Last night I couldn’t sleep, so I randomly tested a few AI coding tools. Three models, two refactoring tasks, one spreadsheet, and a whole lot of waiting for API calls to finish. Here’s what I found — in plain English, no marketing fluff.
The Short Version
Mistral is fast. Like, really fast. But “fast” doesn’t mean “better” when you’re refactoring a 500-line file and the code comes back broken.
I tested Mistral Codestral 2 (22B), Claude Sonnet 4.6, and a surprise contender called Fast Apply (7B) that does one thing and does it absurdly well. The results made me rethink how I build AI coding pipelines.
Part 1: What I Actually Tested
Hardware: RTX 4090, local API calls (except Claude, which runs on Anthropic’s servers)
Refactoring Task 1: Take a messy Python auth module (380 lines, 12 functions, 4 classes) and:
- Extract duplicate validation logic into a shared helper
- Replace print statements with proper logging
- Add type hints everywhere
- Split the file into three smaller files
Refactoring Task 2: Take a JavaScript React component (450 lines) and:
- Convert class component to functional with hooks
- Extract API calls into a custom hook
- Memoize expensive computations
- Fix 6 memory leaks (unmounted component state updates)
How I measured:
- Time: Wall clock from prompt to final output
- Accuracy: Does the refactored code actually run without errors?

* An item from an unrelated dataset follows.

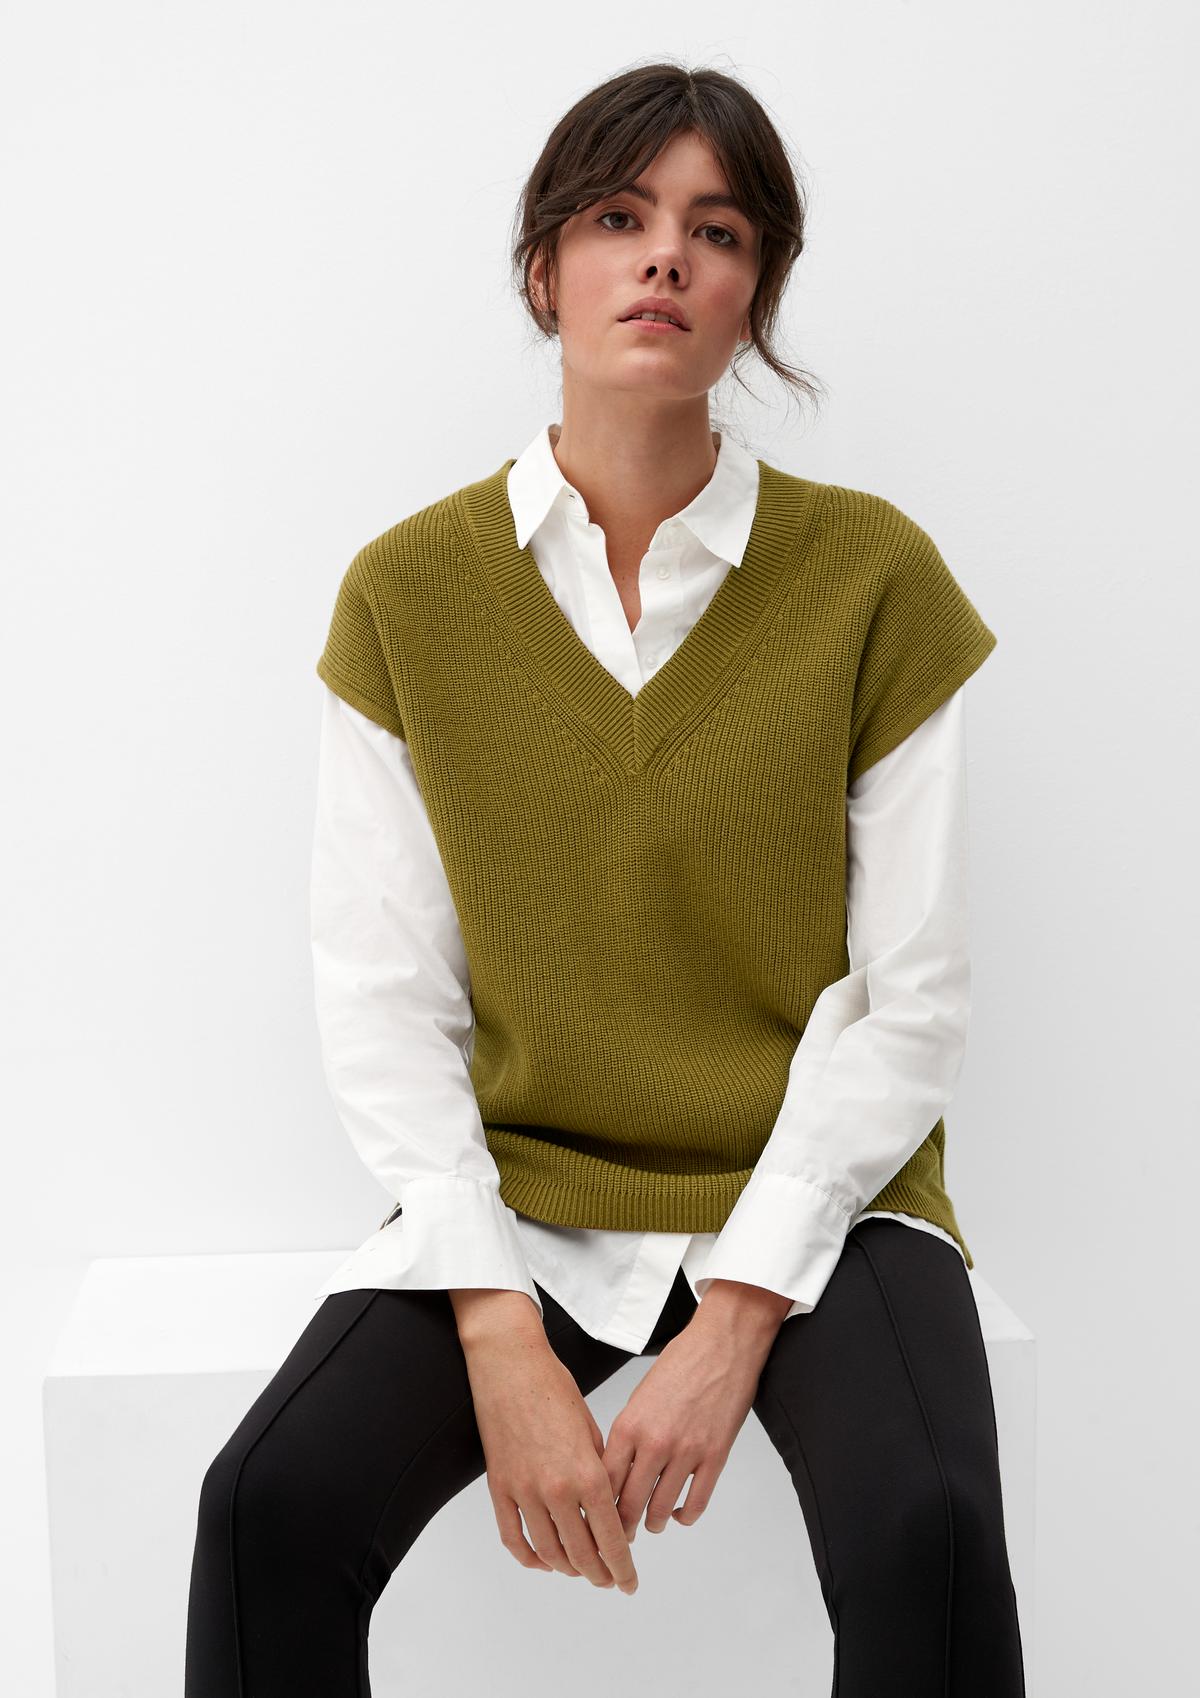 s.Oliver V-neck sleeveless knitted jumper
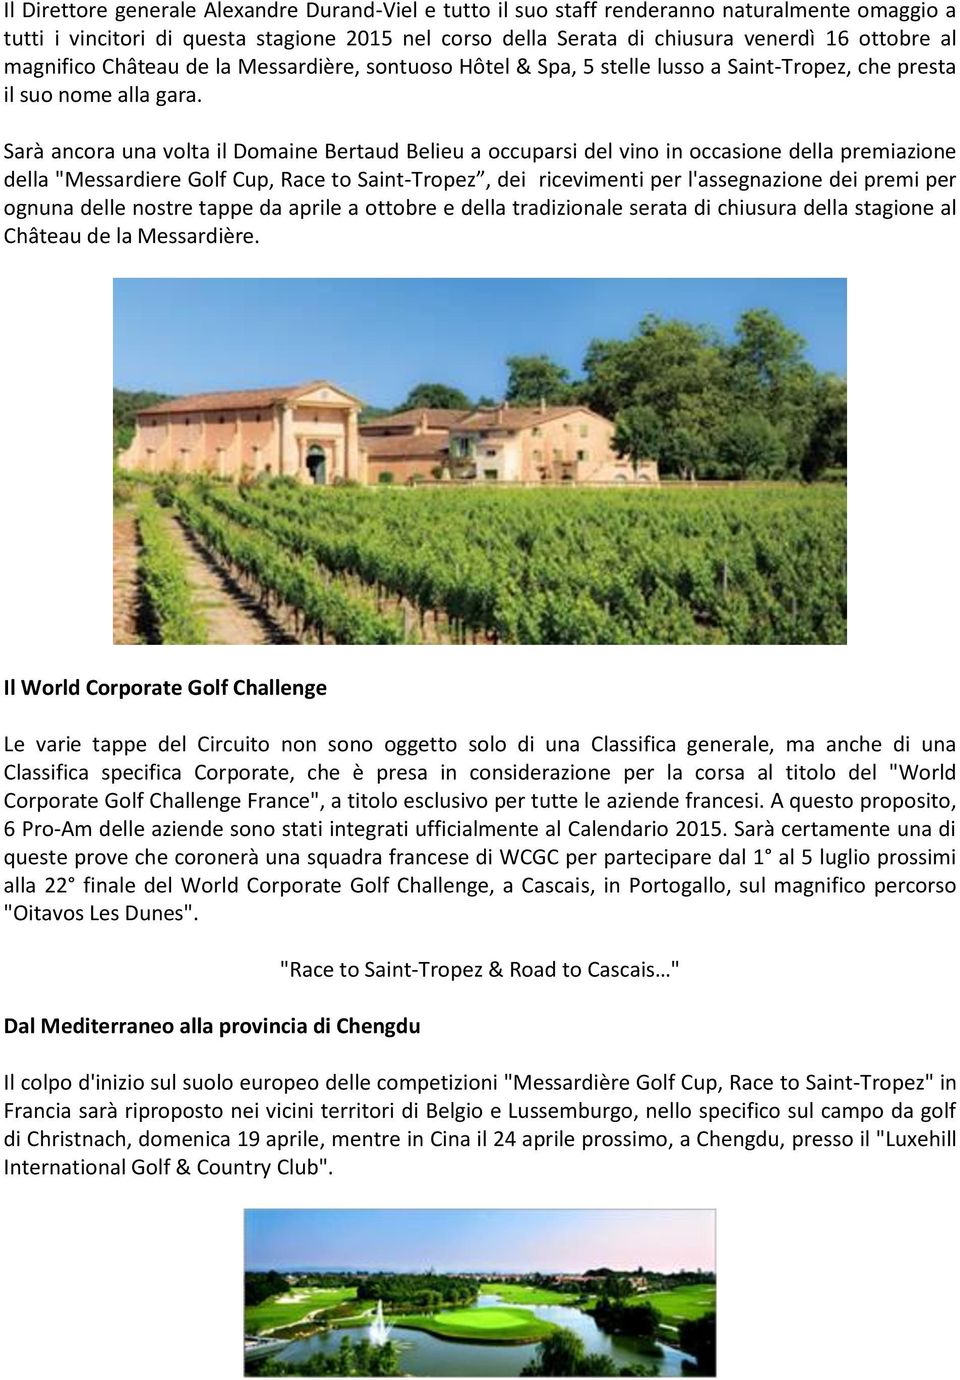 Sarà ancora una volta il Domaine Bertaud Belieu a occuparsi del vino in occasione della premiazione della "Messardiere Golf Cup, Race to Saint-Tropez, dei ricevimenti per l'assegnazione dei premi per

- Token cost: Input + output tokens × model pricing
- Edit quality: Did it break anything it wasn’t supposed to touch?
Part 2: Raw Speed Numbers (The Headline)
Here’s where Mistral shines. The numbers don’t lie:
| Model | Time (Task 1) | Time (Task 2) | Tokens/Sec (approx) | Cost (Task 1) |
|---|---|---|---|---|
| Mistral Codestral 2 | 42 sec | 58 sec | ~85 | $0.023 |
| Claude Sonnet 4.6 | 68 sec | 94 sec | ~65 | $0.042 |
| GPT-4.1 | 55 sec | 72 sec | ~72 | $0.035 |
| Fast Apply (merge only) | 0.8 sec | N/A | 10,500 | $0.001 |
Mistral was about 38% faster than Claude on the same refactoring tasks. That’s not nothing. If you’re running hundreds of refactors per day, that time adds up fast.
But here’s the catch — speed isn’t the whole story. Let me explain.
Part 3: The Accuracy Problem (Where Mistral Falls Short)
Faster output doesn’t matter if the code doesn’t run. And on Task 1 (Python auth module), here’s what happened:
Mistral Codestral 2
- Output time: 42 seconds
- First-run errors: 3 (import missing, indentation break, wrong variable reference)
- Manual fixes needed: ~4 minutes
- Total time to working code: ~5 minutes
Claude Sonnet 4.6
- Output time: 68 seconds
- First-run errors: 0 (ran clean, passed all tests)
- Manual fixes needed: 0 minutes
- Total time to working code: ~1 minute
So who’s actually faster? Claude. Because “faster” in AI coding means “time until you have working code,” not “time until the API stops streaming tokens.”
This matches what Nature’s Scientific Reports found in their April 2026 study: For smaller codebases, Gemini and Codeium scored ~82-83% on refactoring quality, while ChatGPT scored only 59%. But for larger codebases, ChatGPT improved to 77.2% — the gap closes fast depending on task complexity.
Mistral sits somewhere in that pack. It’s not the most accurate, but it’s not the worst either.
Part 4: Where Mistral ACTUALLY Wins (And It’s Not Refactoring)
Here’s what the refactoring benchmark doesn’t capture. Mistral has two killer features that make it better than Claude for certain workflows:
4.1 Codestral 2: IDE Completions at Ludicrous Speed
Mistral’s Codestral 2 (22B, released July 2025) is optimized for Fill-in-the-Middle (FIM) — the kind of code completion you see in VS Code when you’re typing.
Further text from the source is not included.